▶ Assignment
The response must be the exact lines from the one that contains "What types of fish are the healthiest" through the end of the material, with no pictures and no additional lines.

▶ Provided data
- - - - - - -

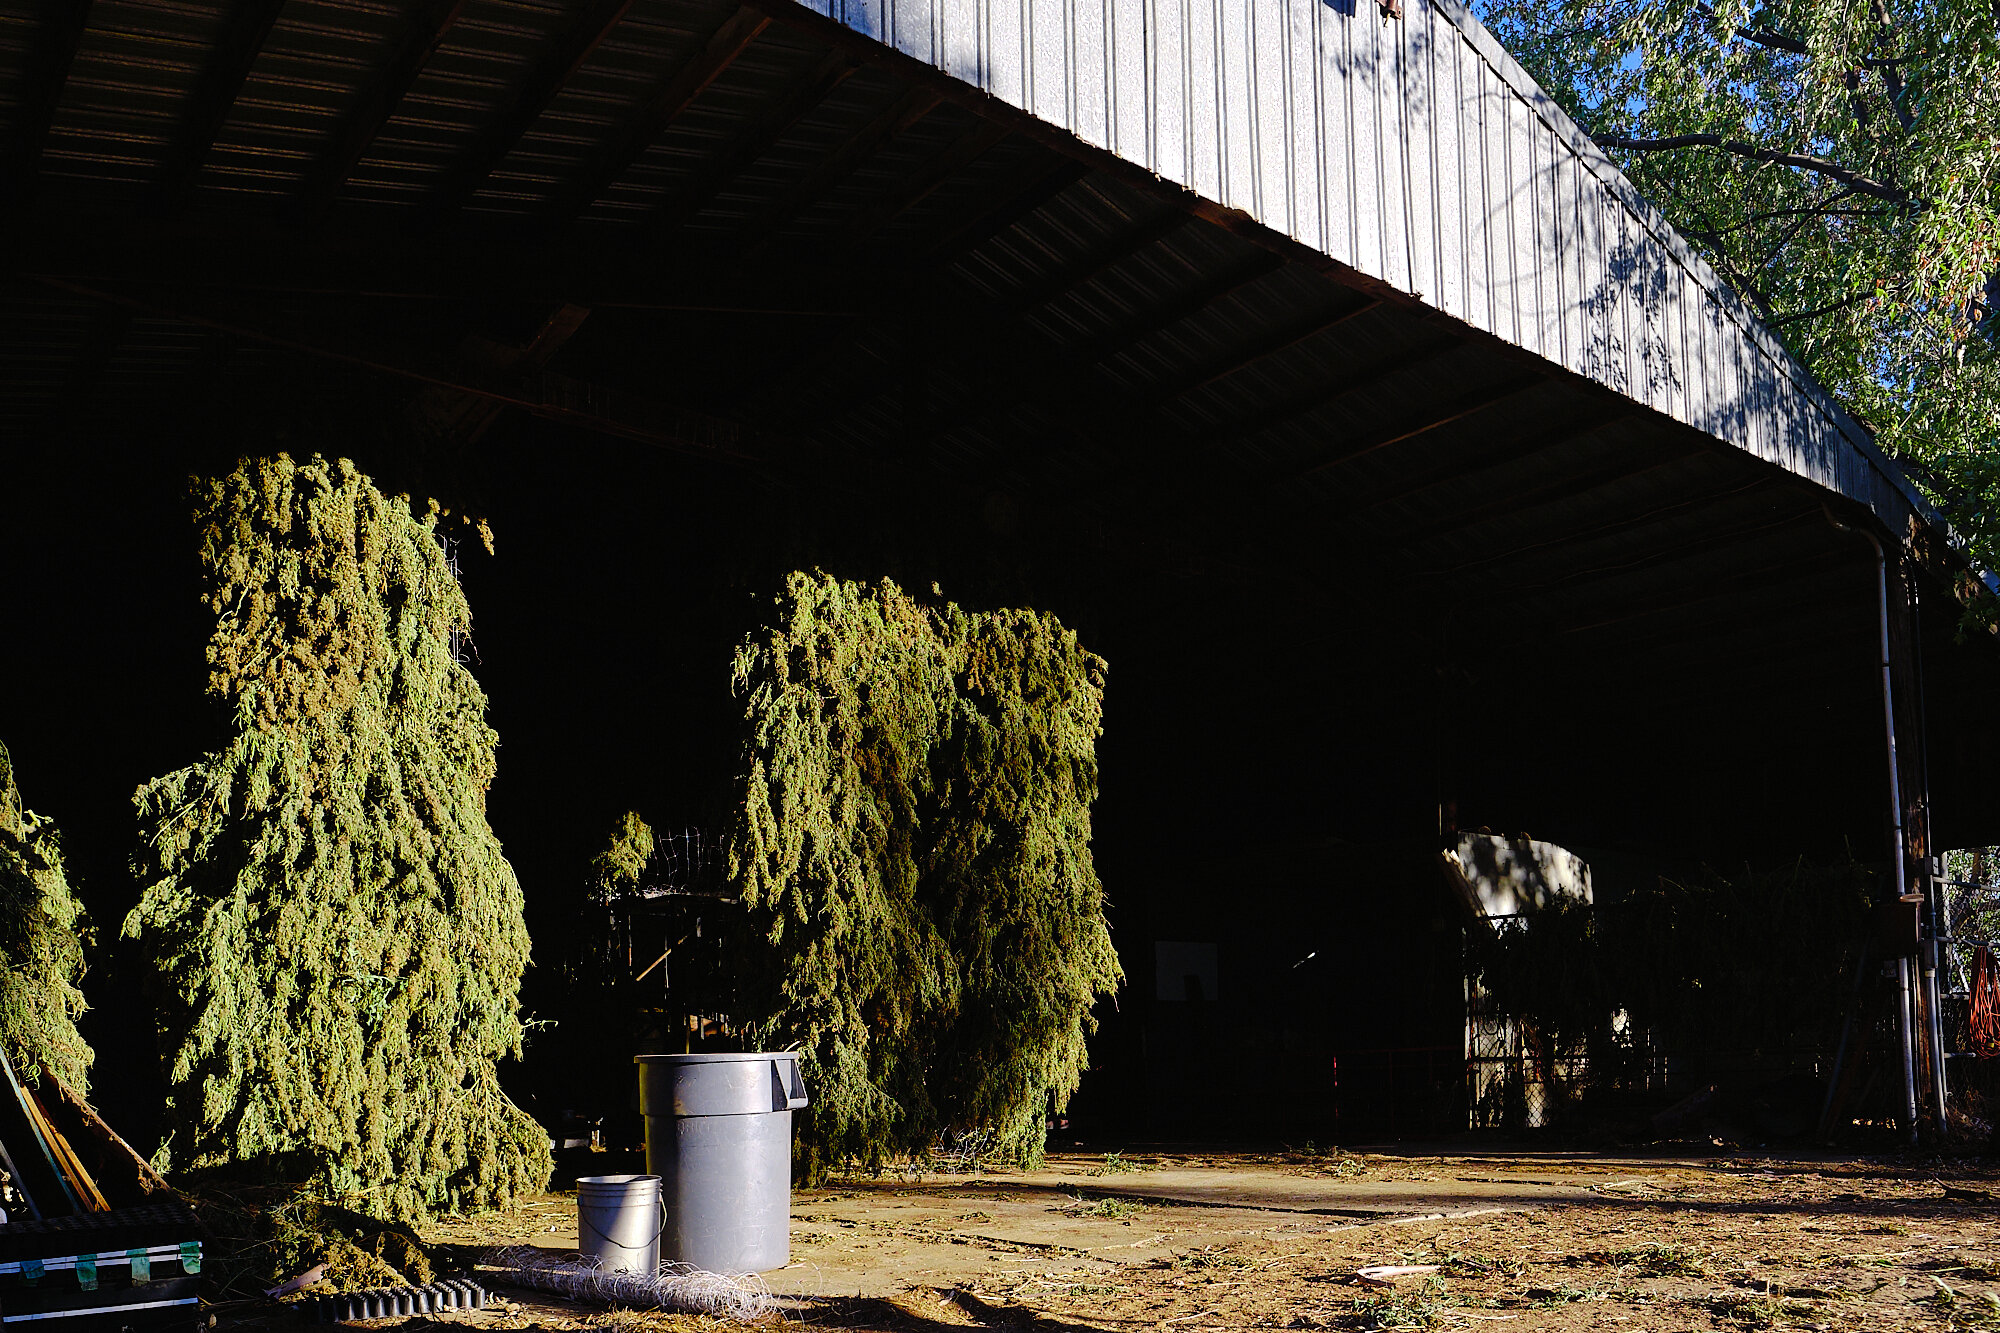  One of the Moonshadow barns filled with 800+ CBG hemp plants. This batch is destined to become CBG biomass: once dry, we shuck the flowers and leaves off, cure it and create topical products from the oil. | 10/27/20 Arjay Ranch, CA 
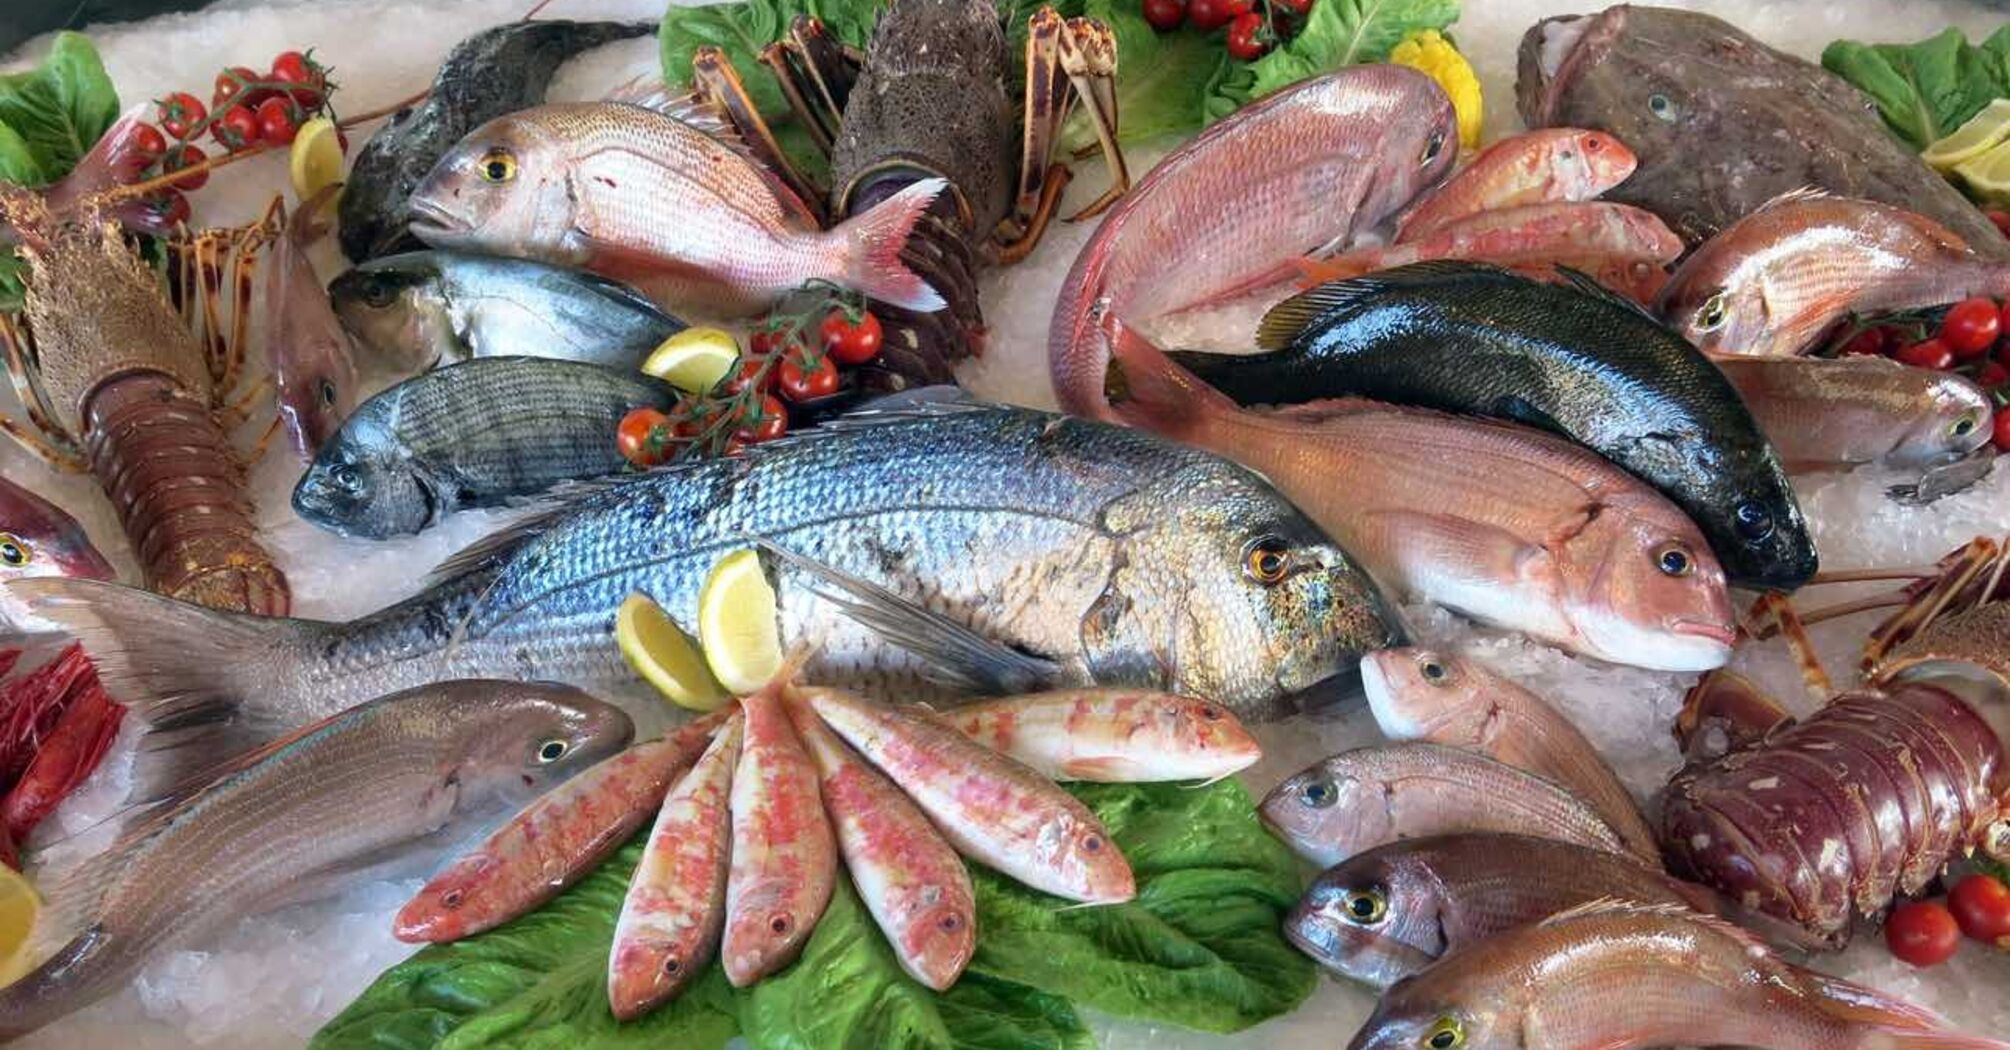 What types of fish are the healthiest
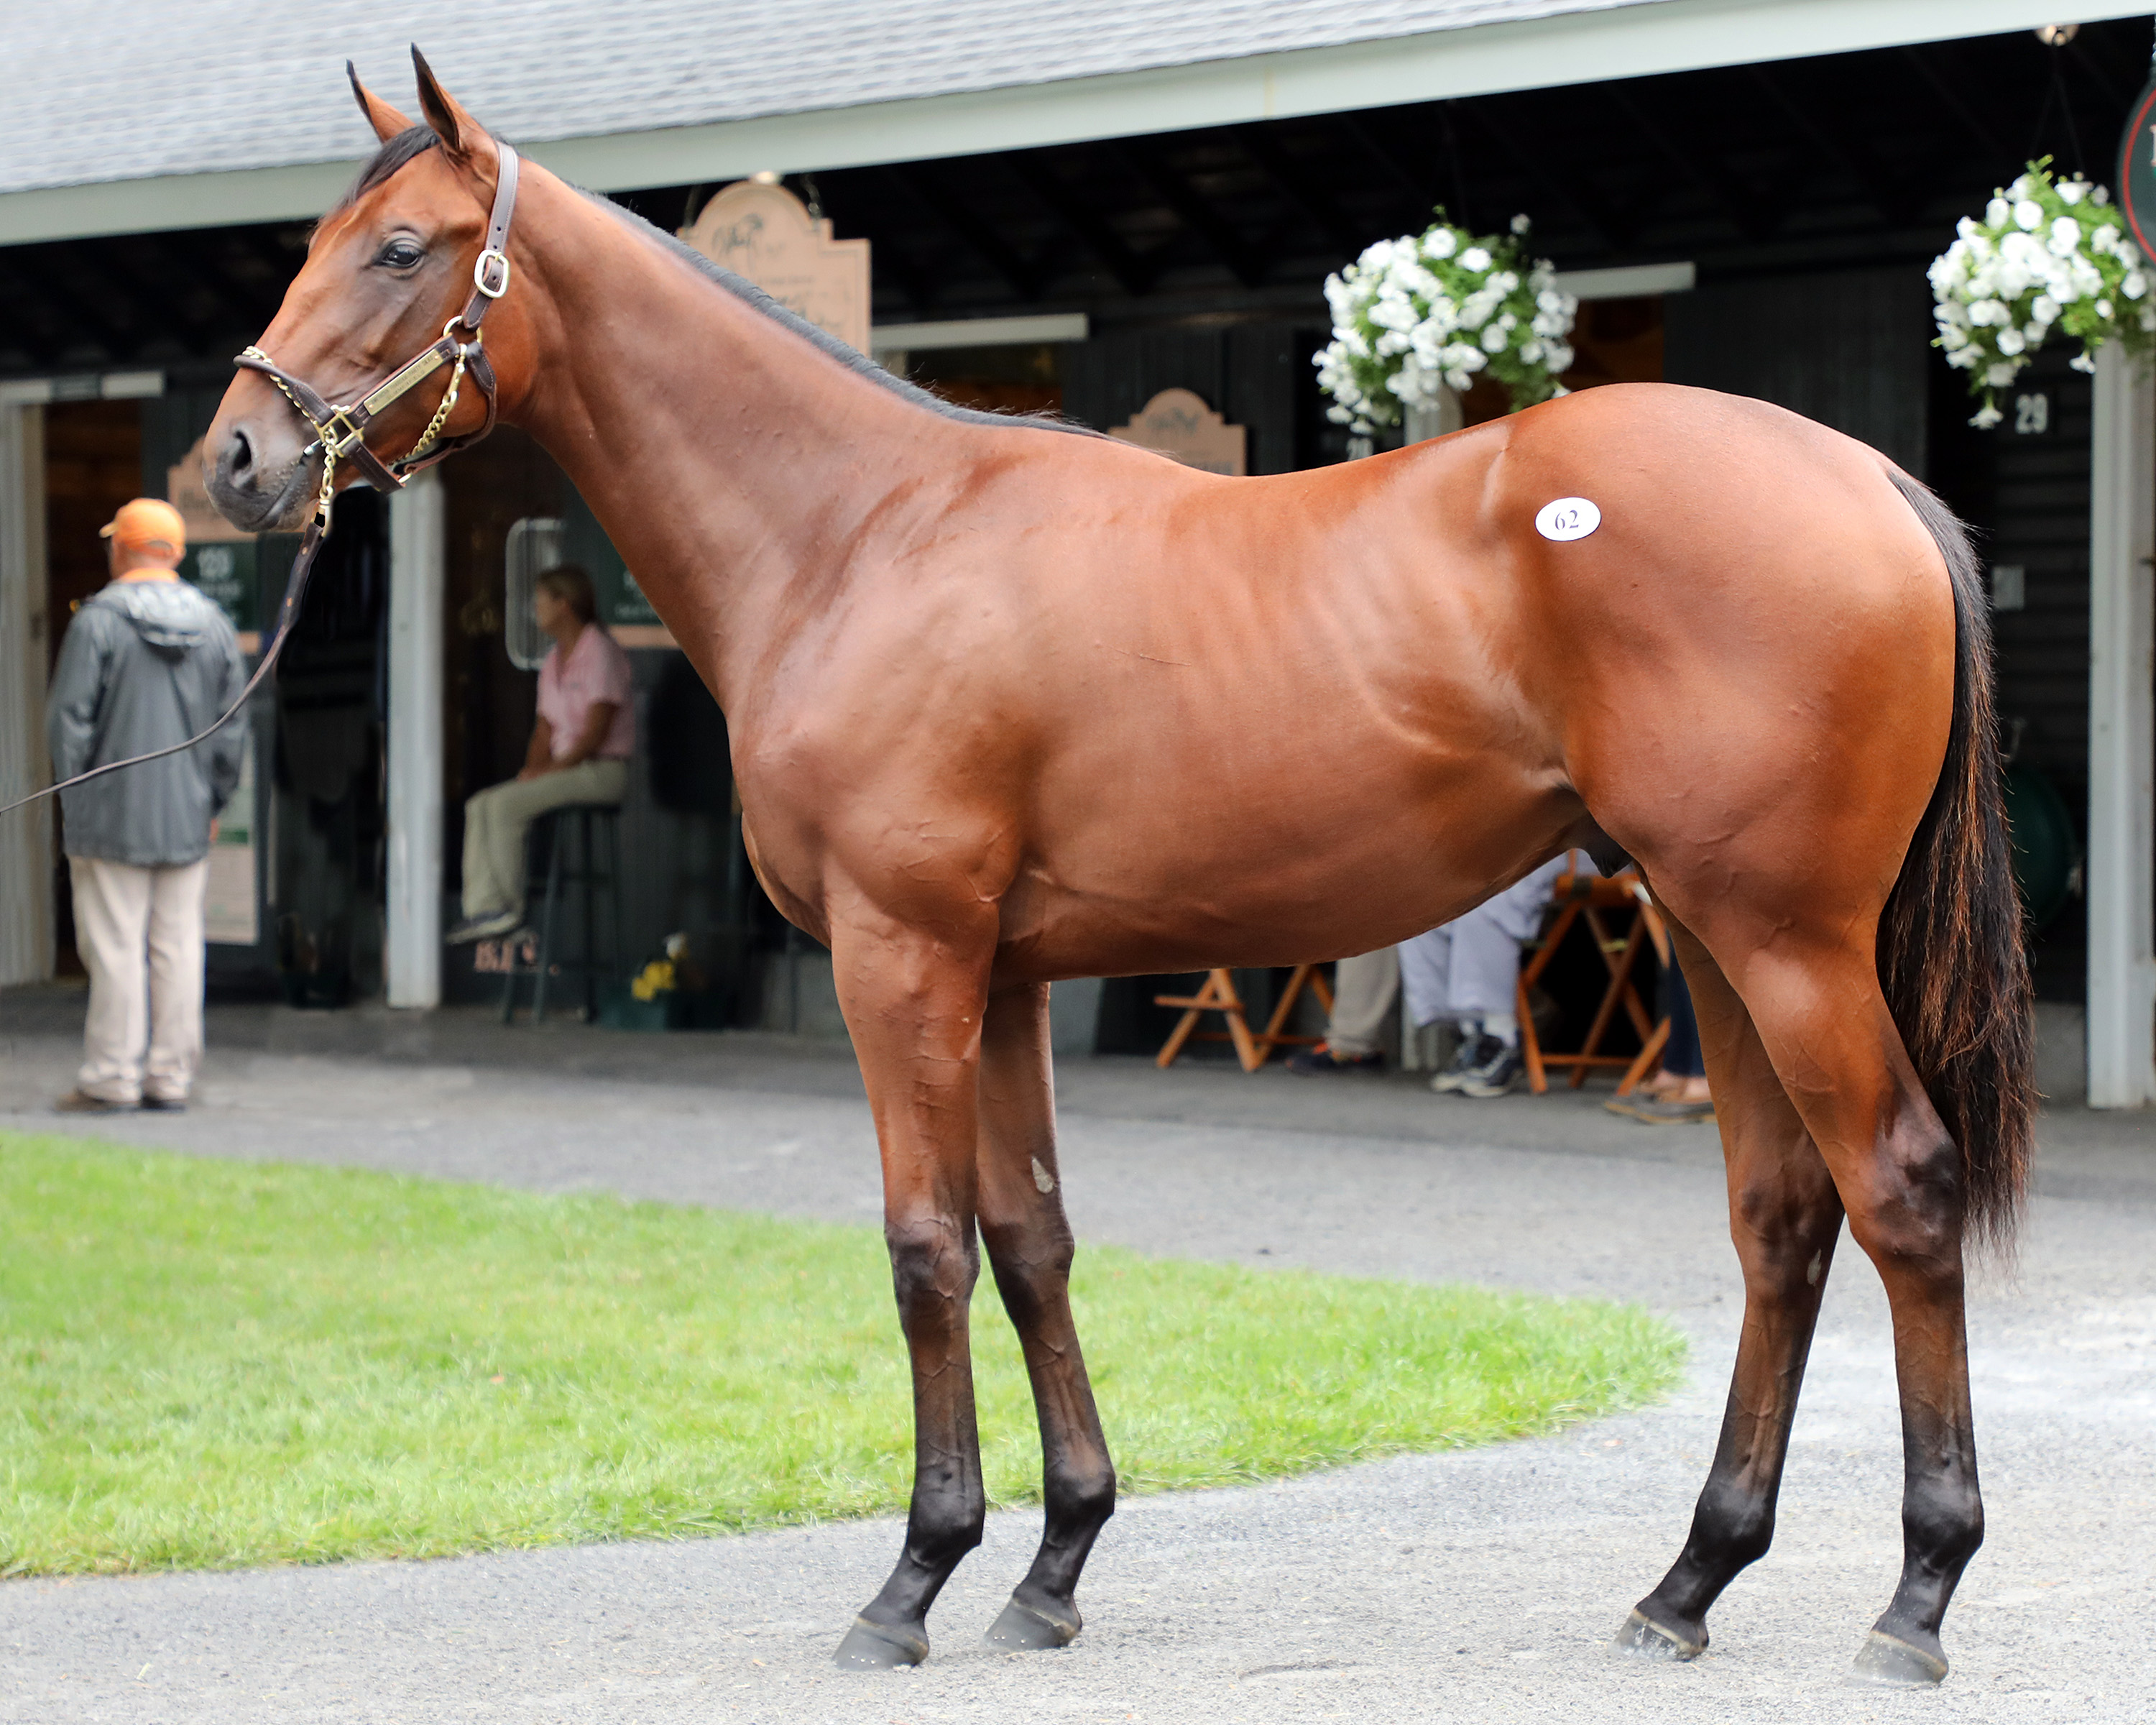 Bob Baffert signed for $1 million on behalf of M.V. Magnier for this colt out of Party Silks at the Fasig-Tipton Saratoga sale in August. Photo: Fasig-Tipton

- - - - - - -

▶ Written response
 What types of fish are the healthiest
 Bob Baffert signed for $1 million on behalf of M.V. Magnier for this colt out of Party Silks at the Fasig-Tipton Saratoga sale in August. Photo: Fasig-Tipton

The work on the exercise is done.